GIVEN MATERIAL:
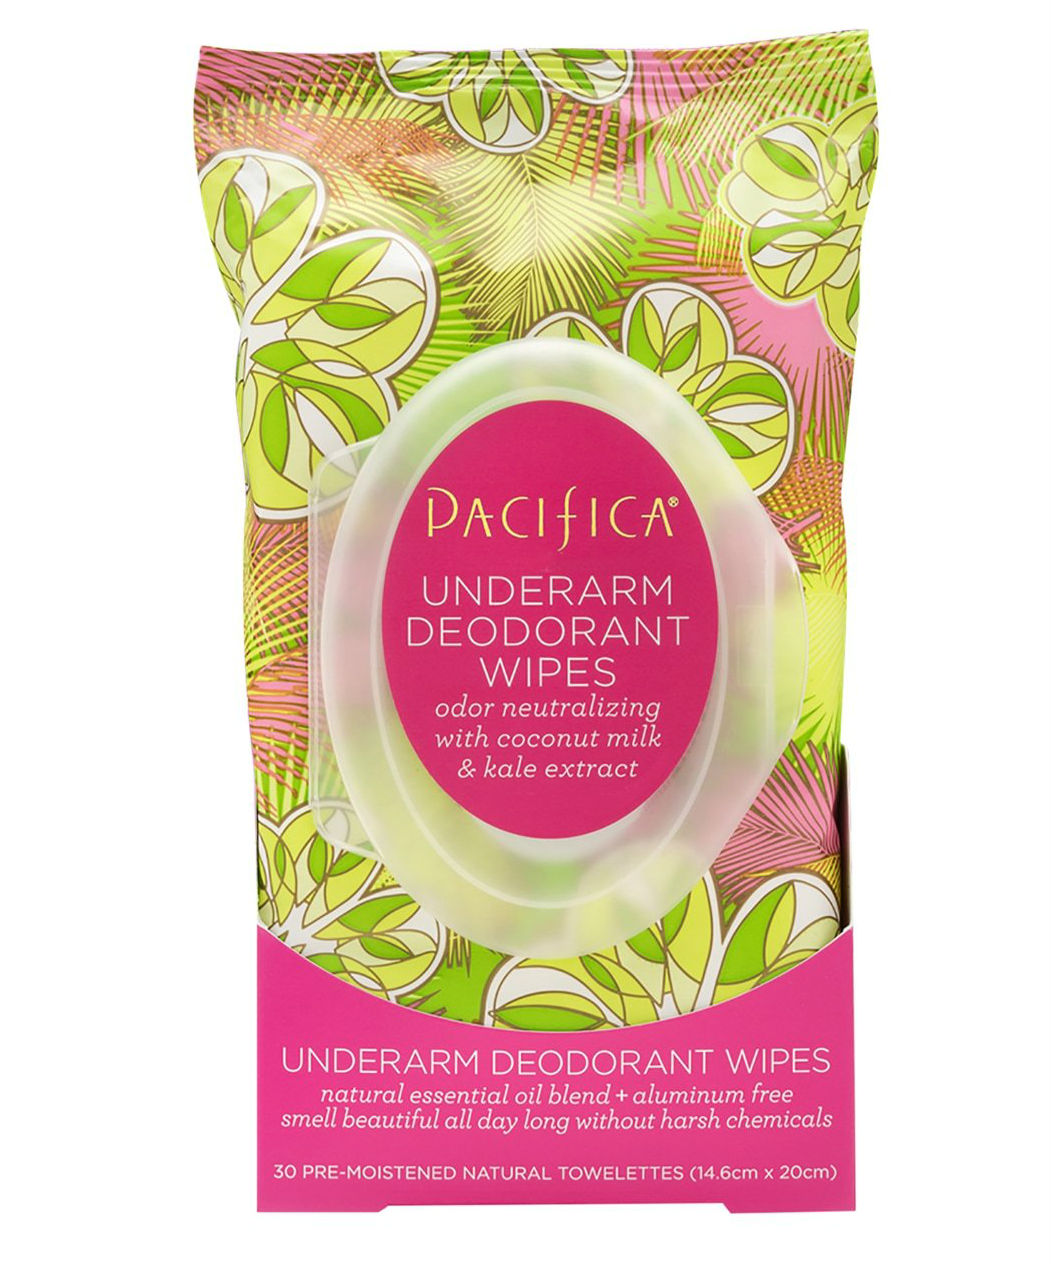 Pacifica Underarm Deodorant Wipes, $9
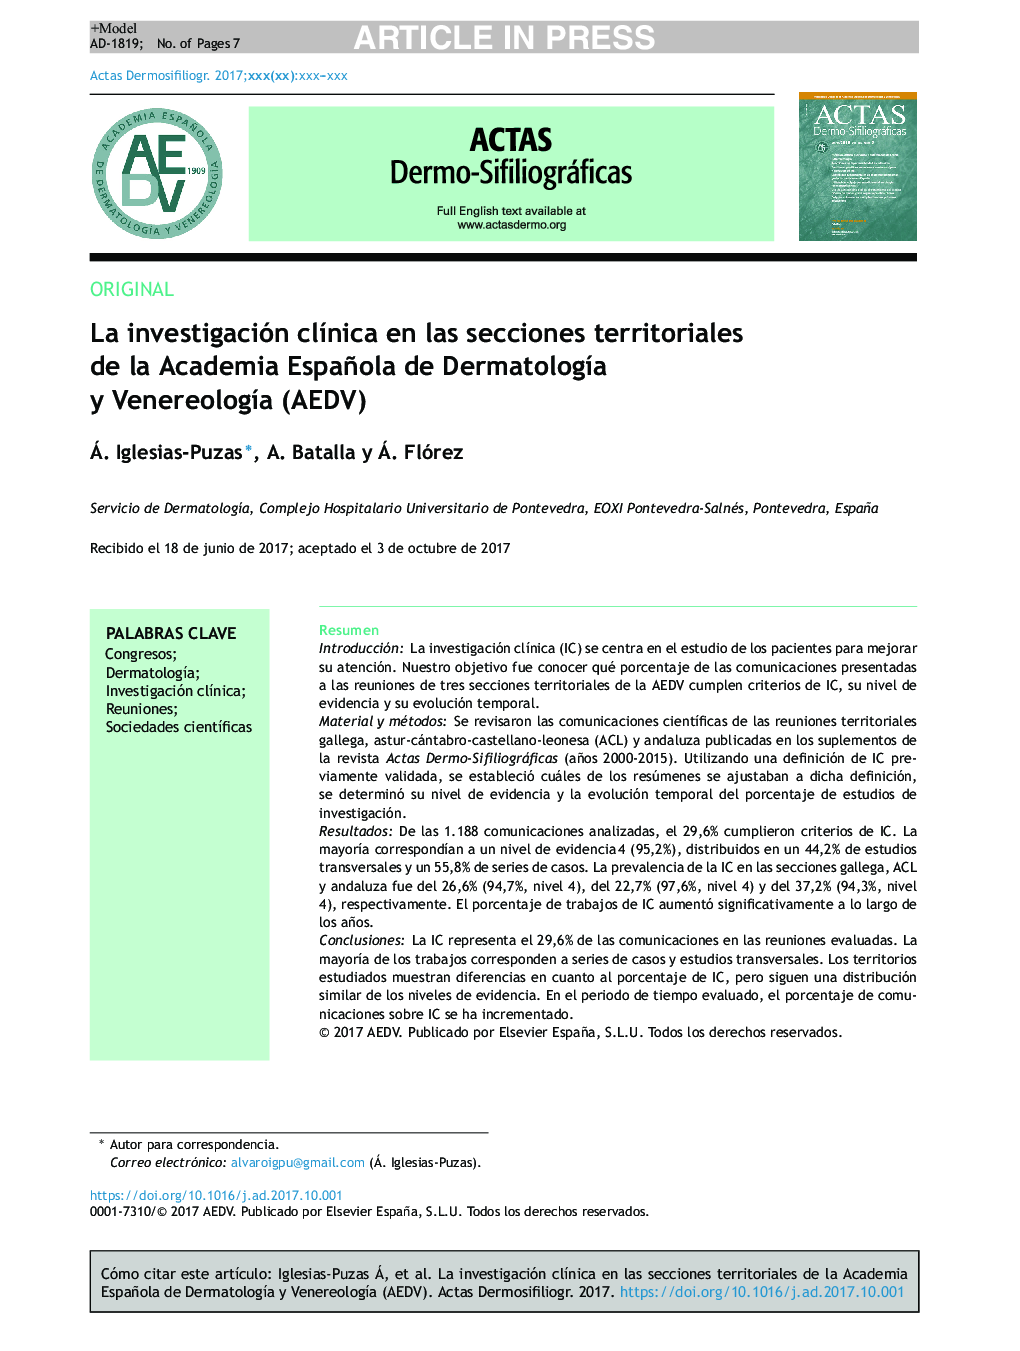 La investigación clÃ­nica en las secciones territoriales de la Academia Española de DermatologÃ­a y VenereologÃ­a (AEDV)
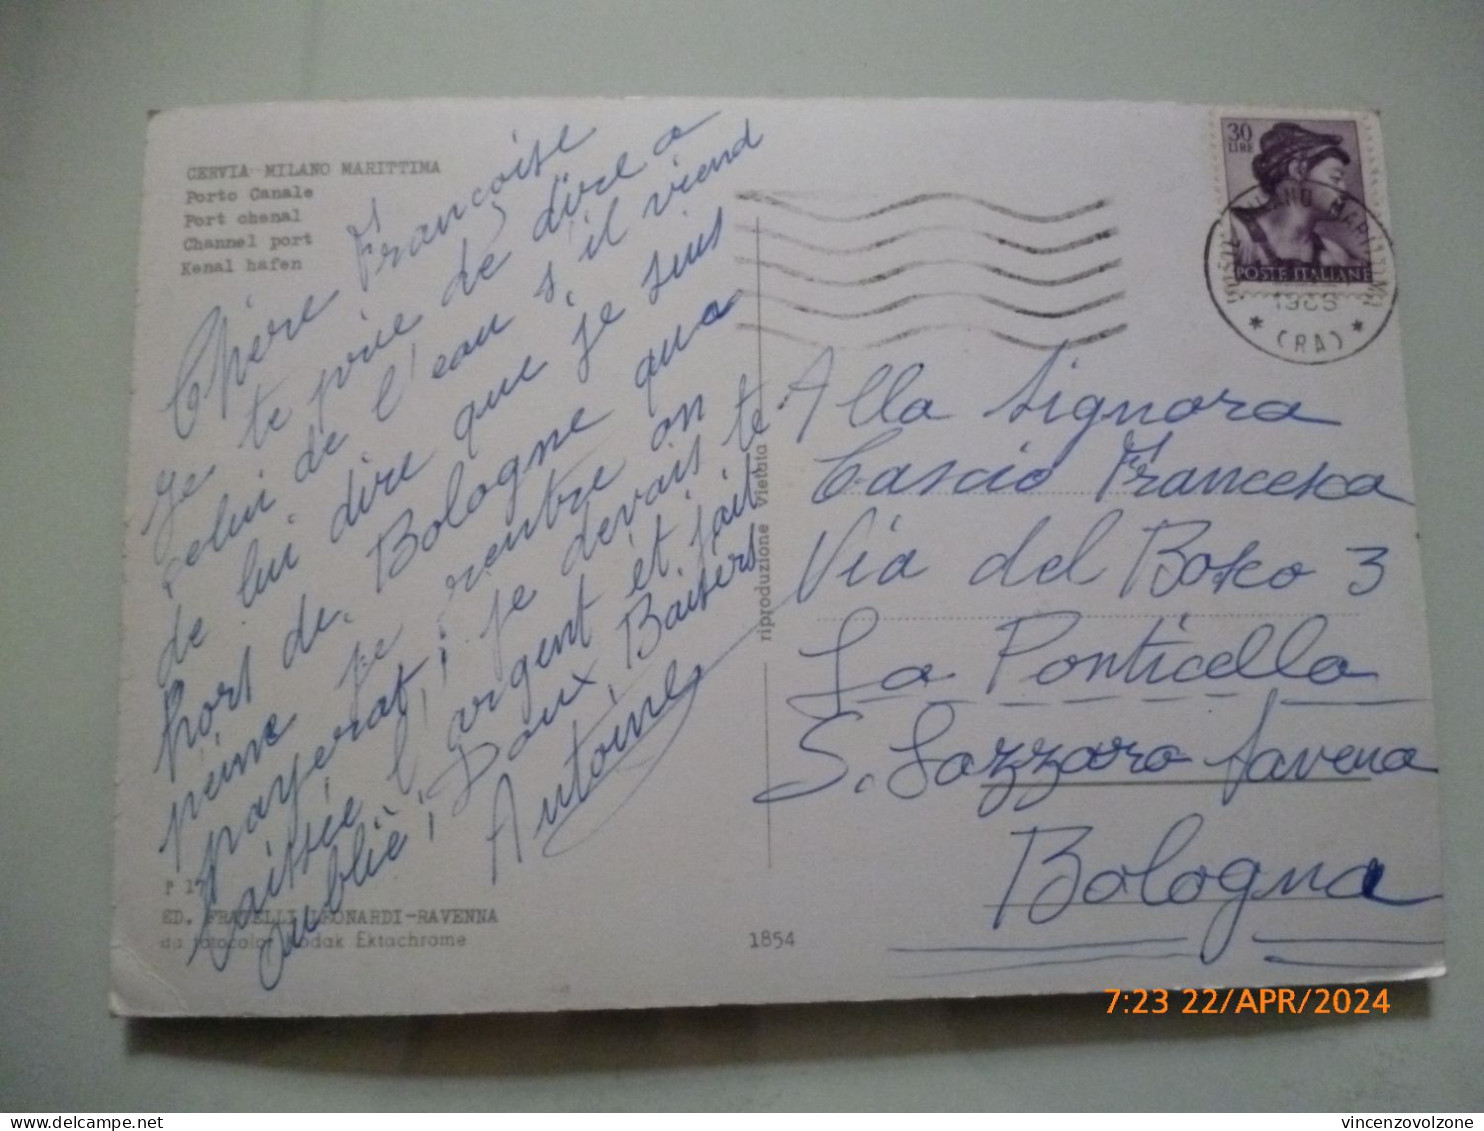 Cartolina Viaggiata "MILANO MARITTIMA CERVIA Porto Canale" 1964 - Ravenna
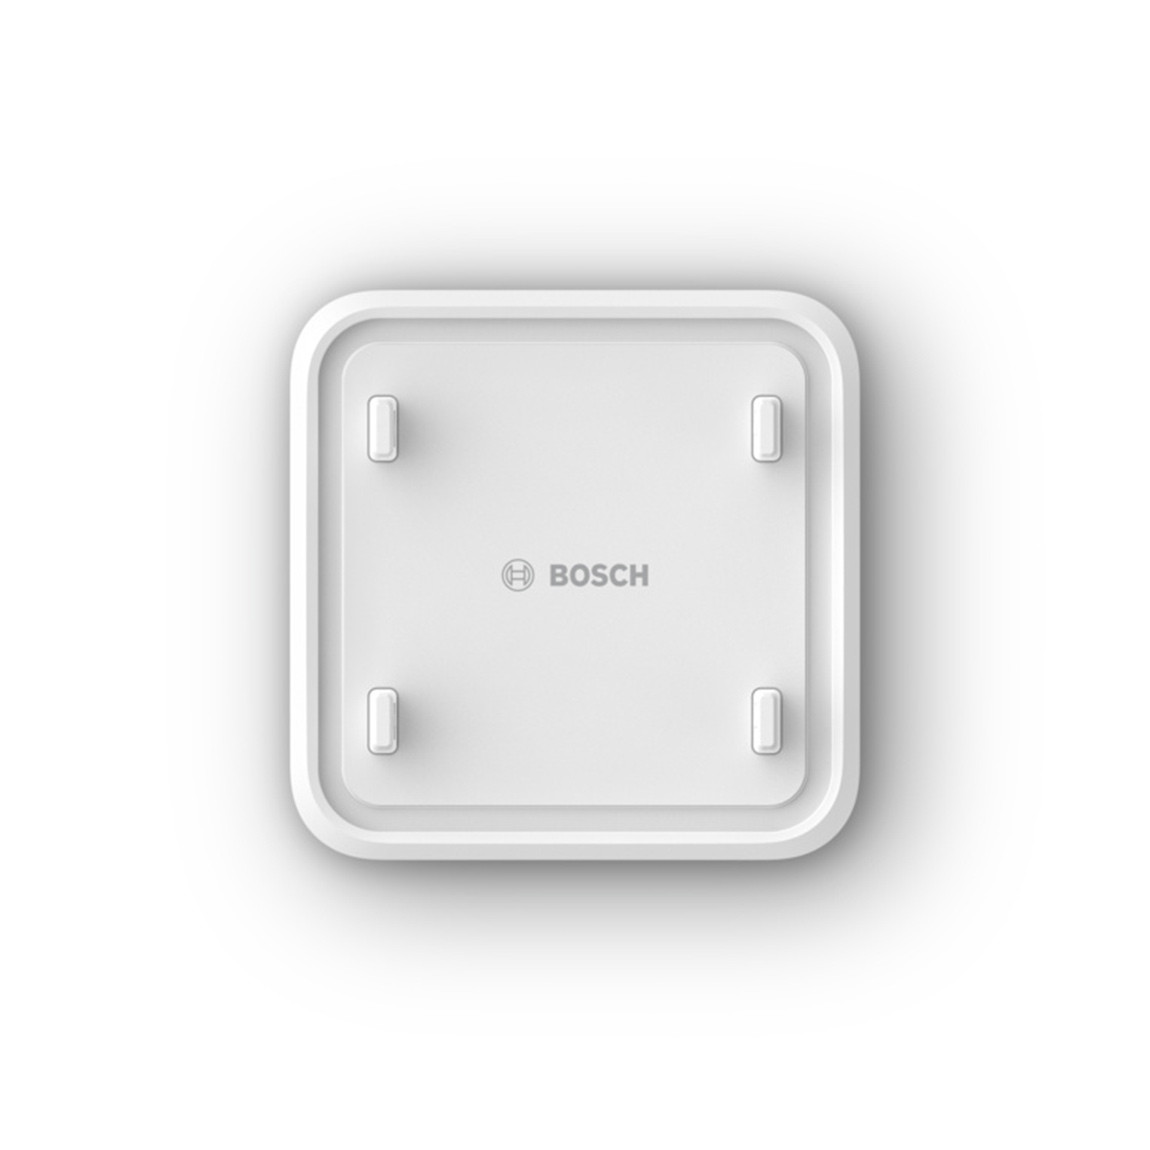 Bosch Smart Home Universalschalter II kaufen

WHAT NEEDS TO BE DONE: Leaving the pictures aside, write out only the lines from the one containing "1964 - Ravenna" through the end of the material, exactly as they stand.

RESPONSE TO THE EXERCISE:
 Cartolina Viaggiata "MILANO MARITTIMA CERVIA Porto Canale" 1964 - Ravenna
 Bosch Smart Home Universalschalter II kaufen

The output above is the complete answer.